@Zoffiel @AllyJay @"Kiwi Angel" @Sister It is, of course, tremendously complicated by the presence of my sister's children, and advancing age affecting my mother's behaviour. I have blocked my sister on WhatsApp, which is what she used to attack me from her New York holiday. I was shocked and devastated that she chose this time to attack, when I am at my weakest and most vulnerable. Utterly ruthless, and over something so unimportant in the greater scheme of life. Unfortunately severing all contact will lead to fraught access situations. I'm not sure I have the stomach for that.
I suppose the only thing I can control is my reaction. So I think I'll have to do a virtual severing, a mental eff off. Fortify myself so that I care less about them and what they say. Bloody hard on top of everything else. I have kept them at arms length during my cancer episode because I think they've given enough of their lives to cancer. I've actually said that to them more than once. My consideration for them is wasted (I exclude my father from all of this, he has been lovely & pitch perfect).

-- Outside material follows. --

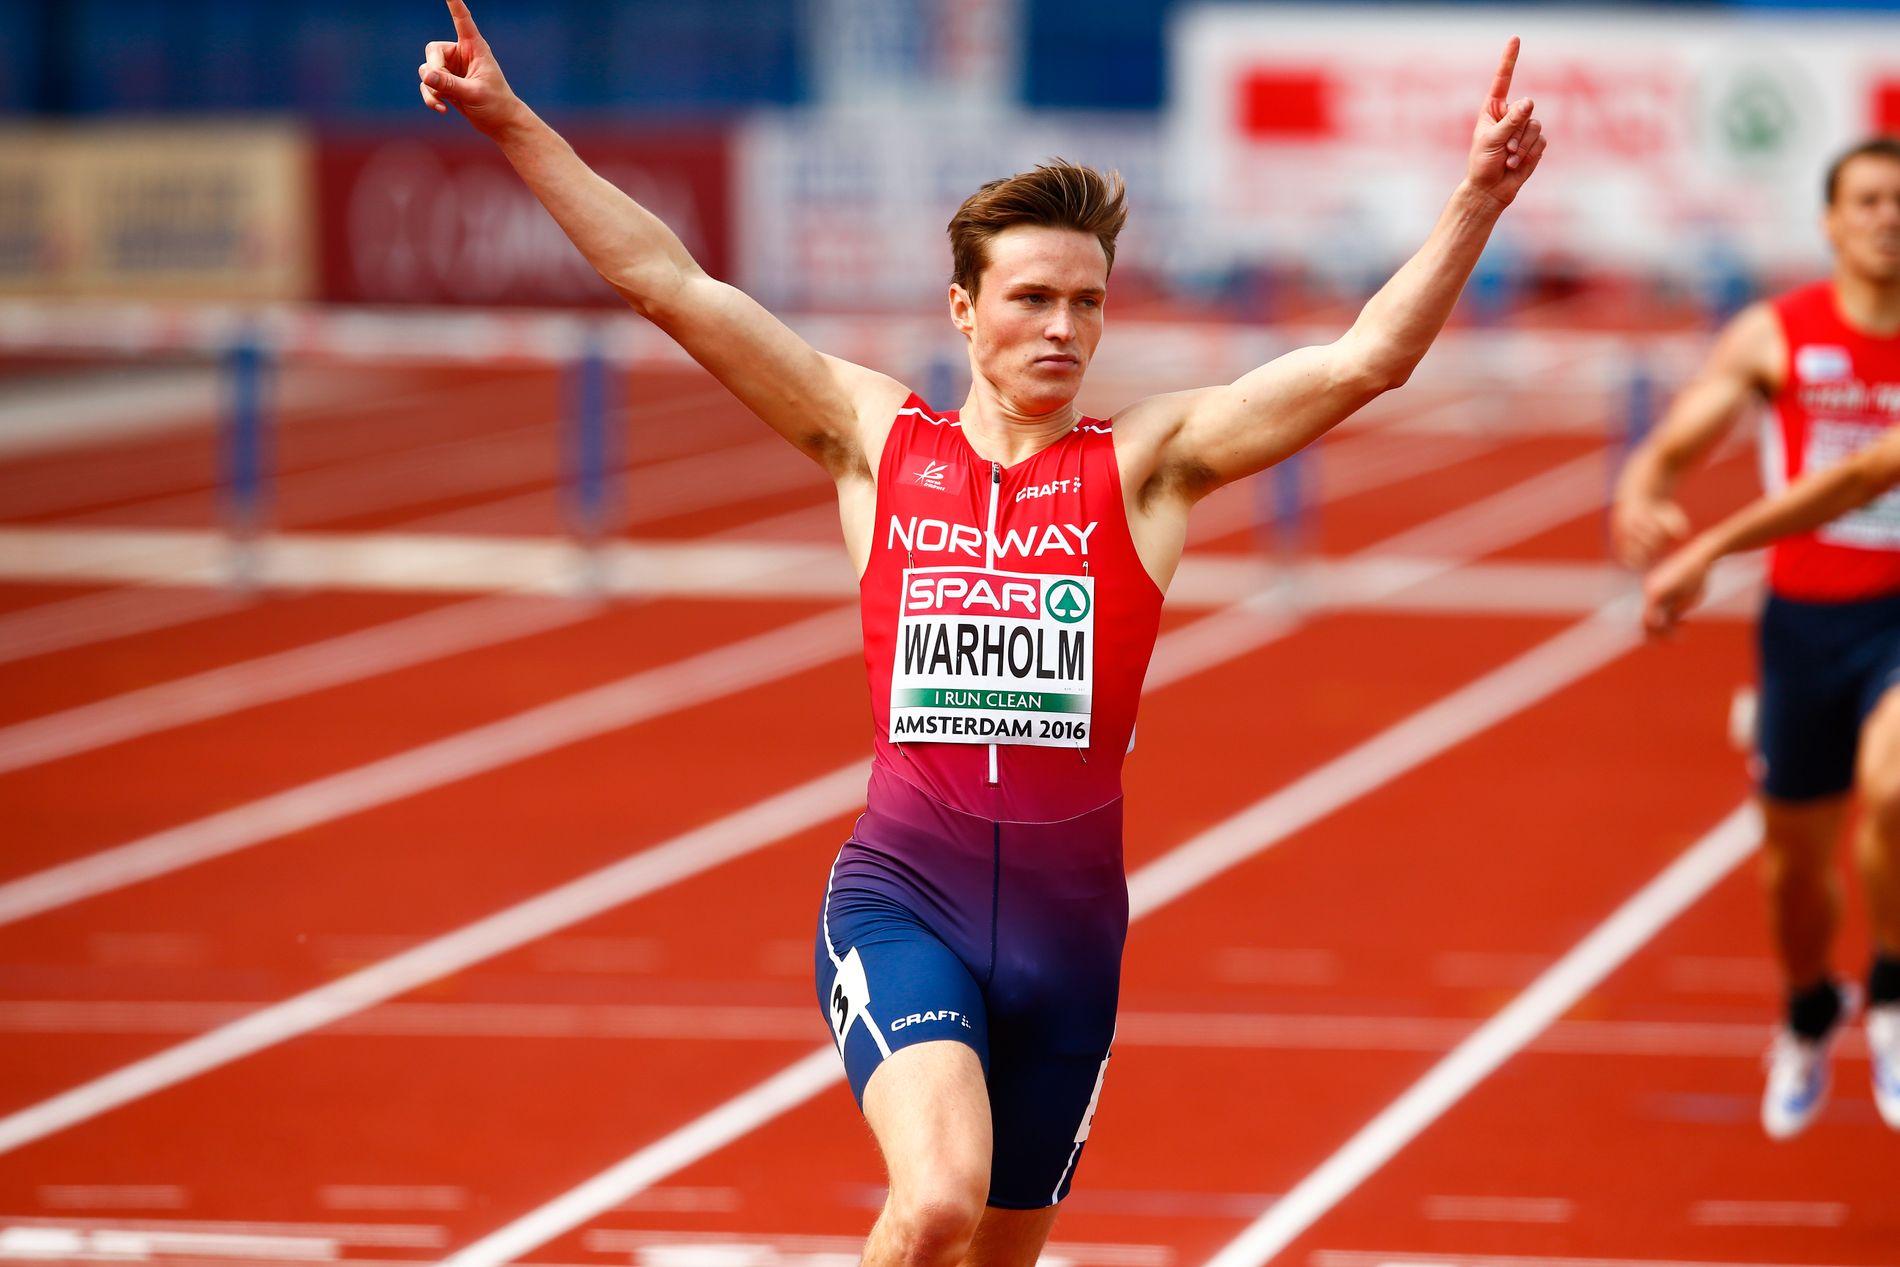 NY REKORD: Karsten Warholm jubler etter at han satte ny norsk rekord og vant semifinalen i 400 meter hekk under EM i friidrett i Amsterdam torsdag.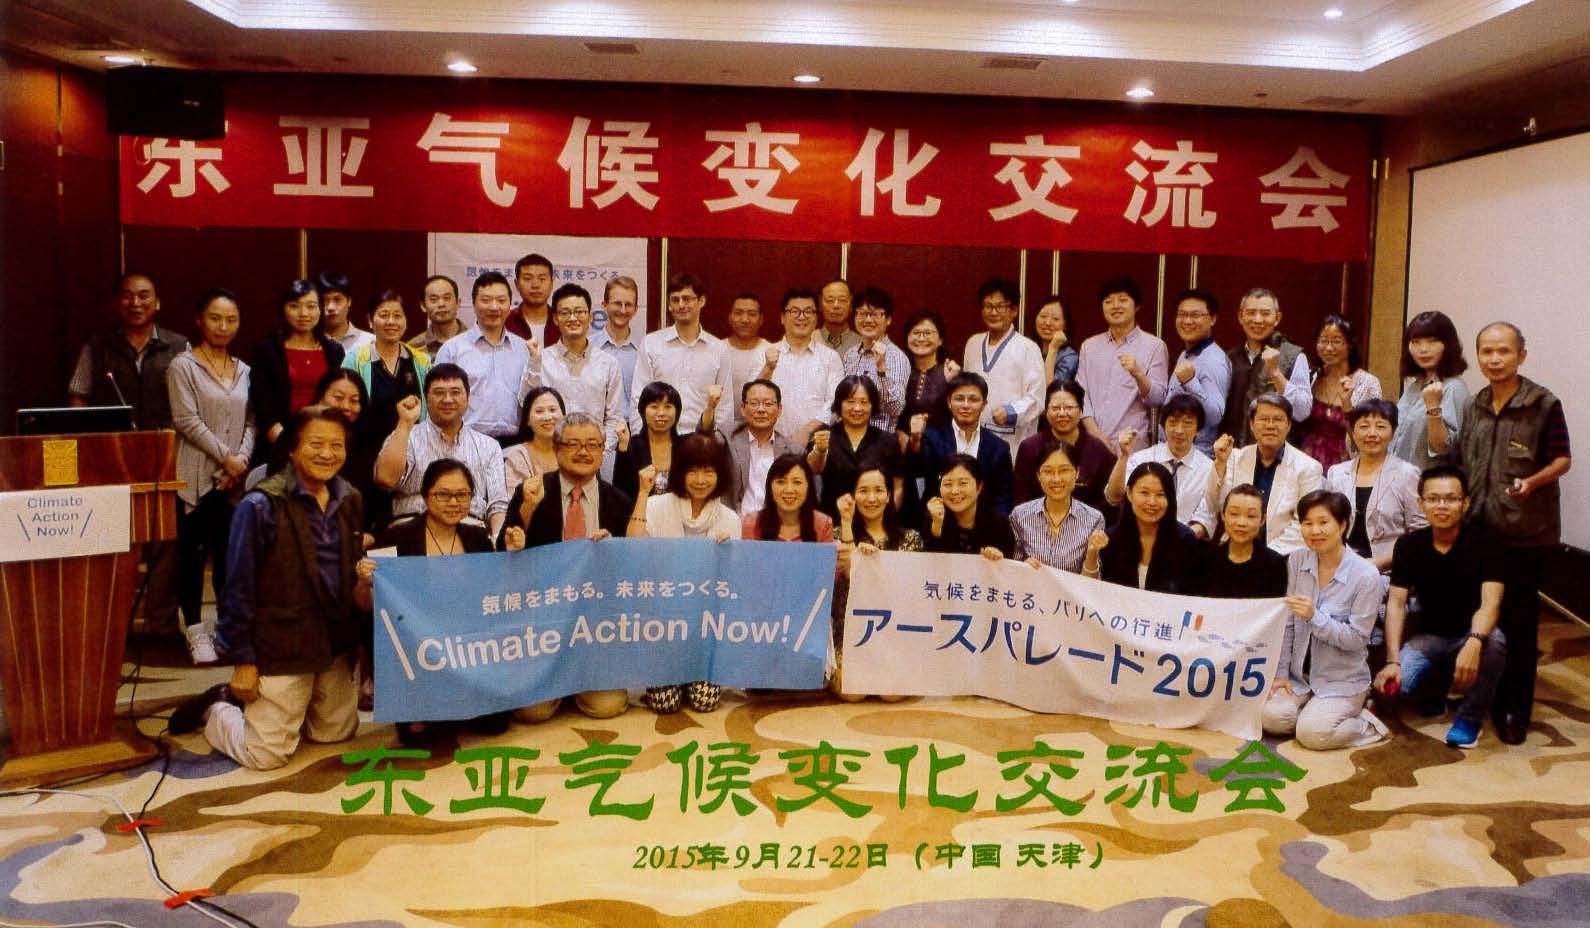 20150921_EastAsiaClimateForum

@Zoffiel your sentence "Bad behaviour flourishes when someone else holds the fort and encourages it" is the one that rang the truest. I have got to stop accepting the bad behaviour and holding the fort. The fact that their bad behaviour continues despite my cancer, and everything my husband and I are doing, shows that their care for me is very low. I have to care less about them to avoid the devastating hurt.
I'm trying not to cry, and resisting the urge to lie in bed with the covers over my head all day... Instead I'm off to the hills to meet @Finch. Thank you for your support, it means a lot.